В свое время Княжич сделал верный выбор, женившись на Ирине. Как и Елена, дочь кузнеца была не только раскрасавицей, но и очень смелой женщиной. Склонившись над убитым мужем, она не стала голосить, а лишь спросила:
– Как это случилось?
– Прости, не уберег я нашего Ивана Андреевича, – начал было каяться Матвей, однако Сашка перебил его.
– Ему католики-монахи в спину стрельнули, у атамана с ними давняя вражда, еще с тех пор, как мы на польскую войну ходили.
– Значит, не в честном бою мой муж погиб, а от руки предательской.
– Да где же им, иезуитским тварям-то, Ивана одолеть. Он их, уже смертельно раненый, обоих порешил, – смахнув слезу, ответил Маленький.
– Не убивайтесь понапрасну, казаки, случилось то, что рано или поздно все одно должно было случиться. Мой Ваня не из тех, которые от старости на печке умирают, – торжественно промолвила Ирина, затем спросила Сашку: – Ты кто такой, насколько помню, мы с тобою прежде не встречались.
– Я Сашка Маленький, навряд ли Княжич обо мне тебе рассказывал, ведь мы с ним тридцать лет назад расстались, эта самая война со шляхтою и разлучила нас, будь она неладна.
– Да нет, рассказывал и много раз. Даже в последний вечер, до того как Трубецкой явился, он тебя и Ярославца вспоминал, про то, как вы лазутчиками во вражий стан ходили, как ты его от смерти спас в бою с гусарами.
– Вот оно как, – чуток зардевшись от смущения, сказал Малой и с осужденьем глянул на Ирину. «Ну и баба, словно идол каменный, пред ней убитый муж лежит, она ж слезинки ни одной не проронила, как это Ивана угораздило жениться на такой бесчувственной корове, – подумал Сашка. Однако, увидав в глазах Ирины даже не печаль, а жуткое отчаяние, он понял, что ошибся, и старый друг его избрал жену себе под стать. – Да нет, переживает, очень даже, судя по глазам, просто не из тех, что будет людям слабину показывать, волосья рвать и выть белугой принародно. Видать, она не просто Ванькина жена, а истинная атаманша», – догадался Маленький.
Как бы в подтверждение его догадки, Ирина указала на застывших в скорбном молчании казаков и строго приказала подошедшему Луню:
– На постой людей определи, пусть отдохнут с дороги. Хоронить Ивана будем завтра в полдень.
Отстранив молоденького казачонка, одного из Ванькиных волчат, который вез носилки, она сама взялась за древко пики. Андрей, Малой и Межаков последовали ее примеру.
– Куда нести-то, в баню обмывать? – спросил Арину Лунь.
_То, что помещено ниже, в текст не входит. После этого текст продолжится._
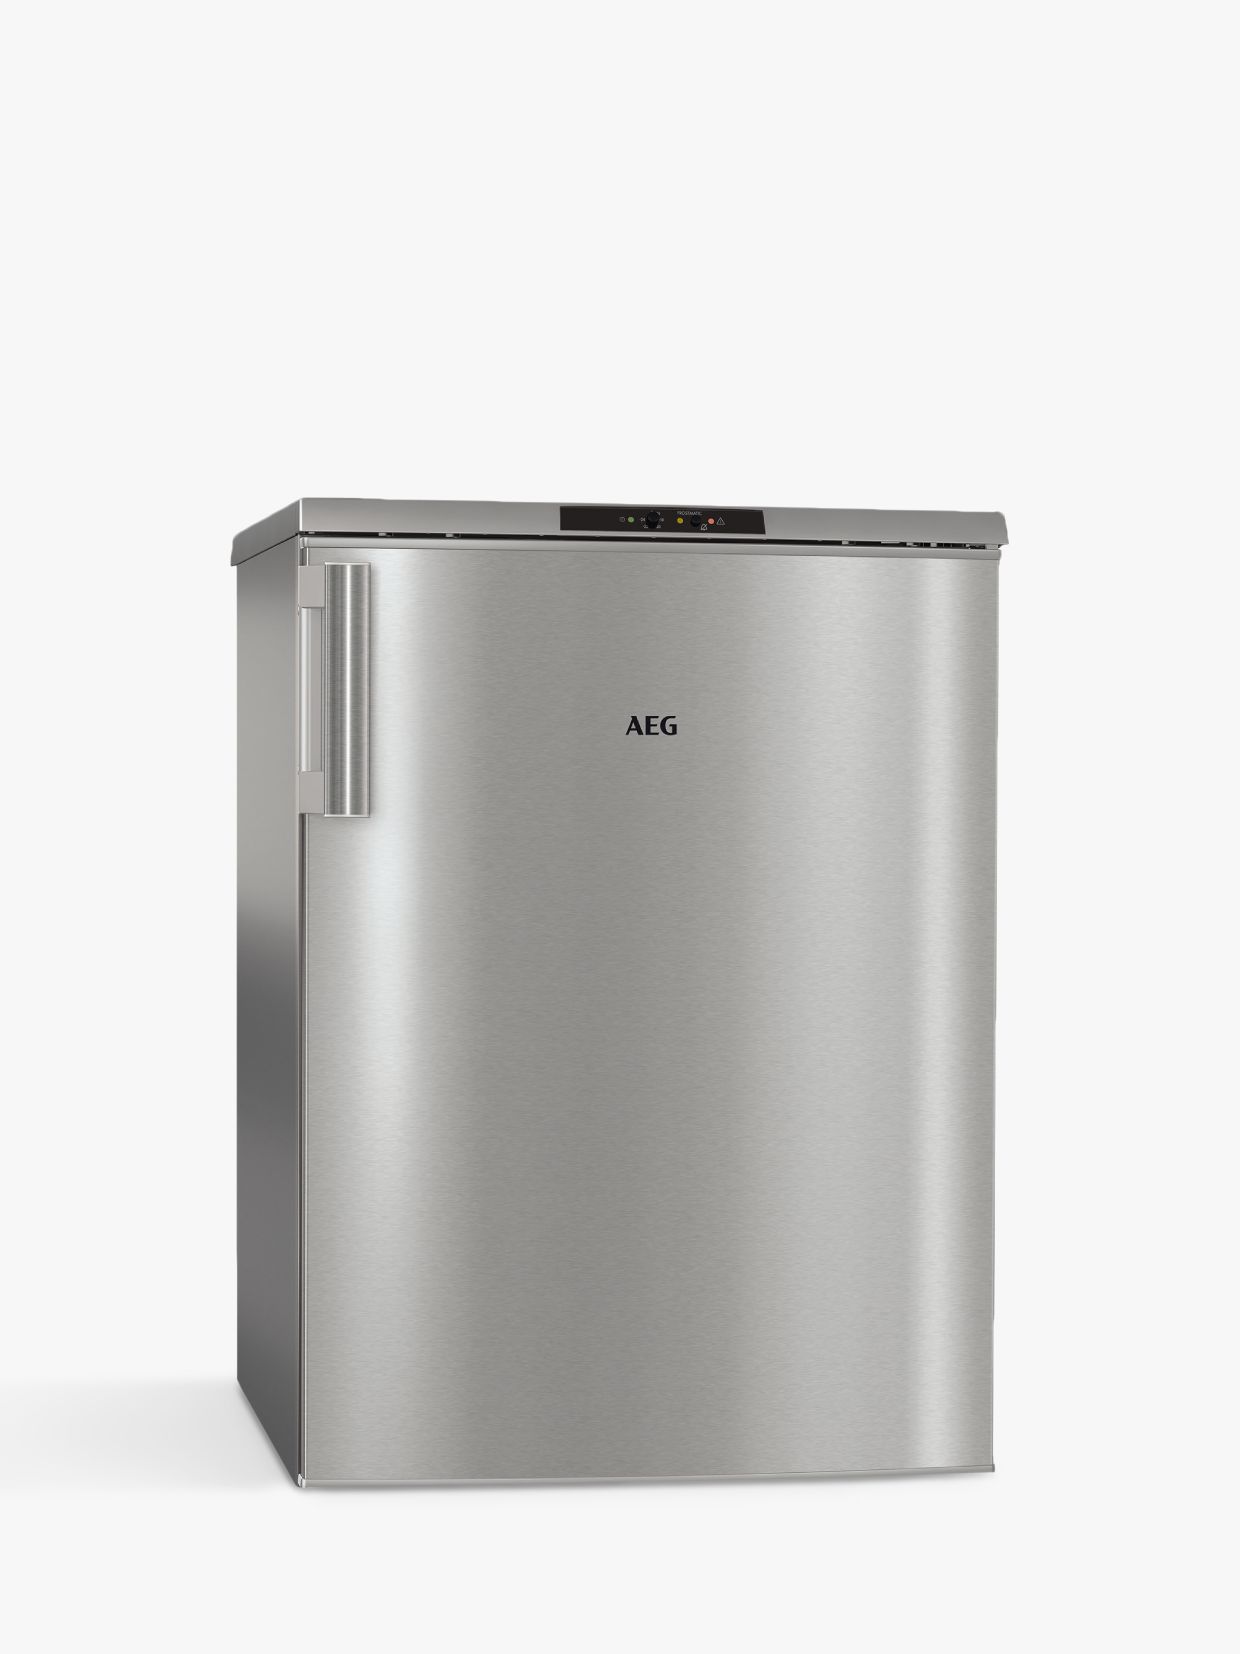 AEG ATB8112VAX Freestanding Freezer, A++ Energy Rating, 59cm Wide, Silver

– Нет, несем в опочивальню, там сама и обмою, я с ним наедине хочу побыть.
– Родне негоже снаряжать покойников в последний путь, – напомнил старый сотник.
– Знаю, но не тебе ж с Матвеем Ваню мыть и одевать, обычно это бабы делают, да где их взять. Одна я тут на все имение.
– Давай гонца пошлем в деревню, все одно народ на похороны надобно сзывать, – предложил Андрей.
– Не надо, не хочу, чтобы другие бабы до него, даже до мертвого, касались, – отказалась атаманша.
22
Хоронить Ивана Княжича, помимо домочадцев и преданных ему волчат, пришли все воины князя Трубецкого, а также большинство мятежников Заруцкого во главе со своим новым предводителем, Сашкой Маленьким. Народу собралось почти две тысячи. Выстроившись в ряд от крыльца терема и аж до самого погоста, казаки передавали гроб с рук на руки, так что каждый смог проститься с атаманом.
Ирина, постаревшая за одну ночь на добрых десять лет, шла вдоль строя в сопровождении Луня, верного соратника Ивана во всех его боях и странствиях. Межаков с Малым, чуть приотстав, несли большой сосновый крест. Князь Дмитрий Тимофеевич шагал за ними следом в гордом одиночестве. На душе у Трубецкого было муторно и не столько из-за угрызений совести, хотя не кто иной, как он подбил лихого атамана на поход в Коломну, обернувшийся ему погибелью. В тоску всесильный воевода впал по двум причинам. Первая была простою и понятной – любой, кому перевалило за полвека, оказавшись на похоронах, особо остро начинает ощущать неотвратимость смерти. С другой причиной было посложней. За годы службы Грозному-царю и прочим государям князь Дмитрий распрекрасно научился отличать скорбь притворную от истинной печали.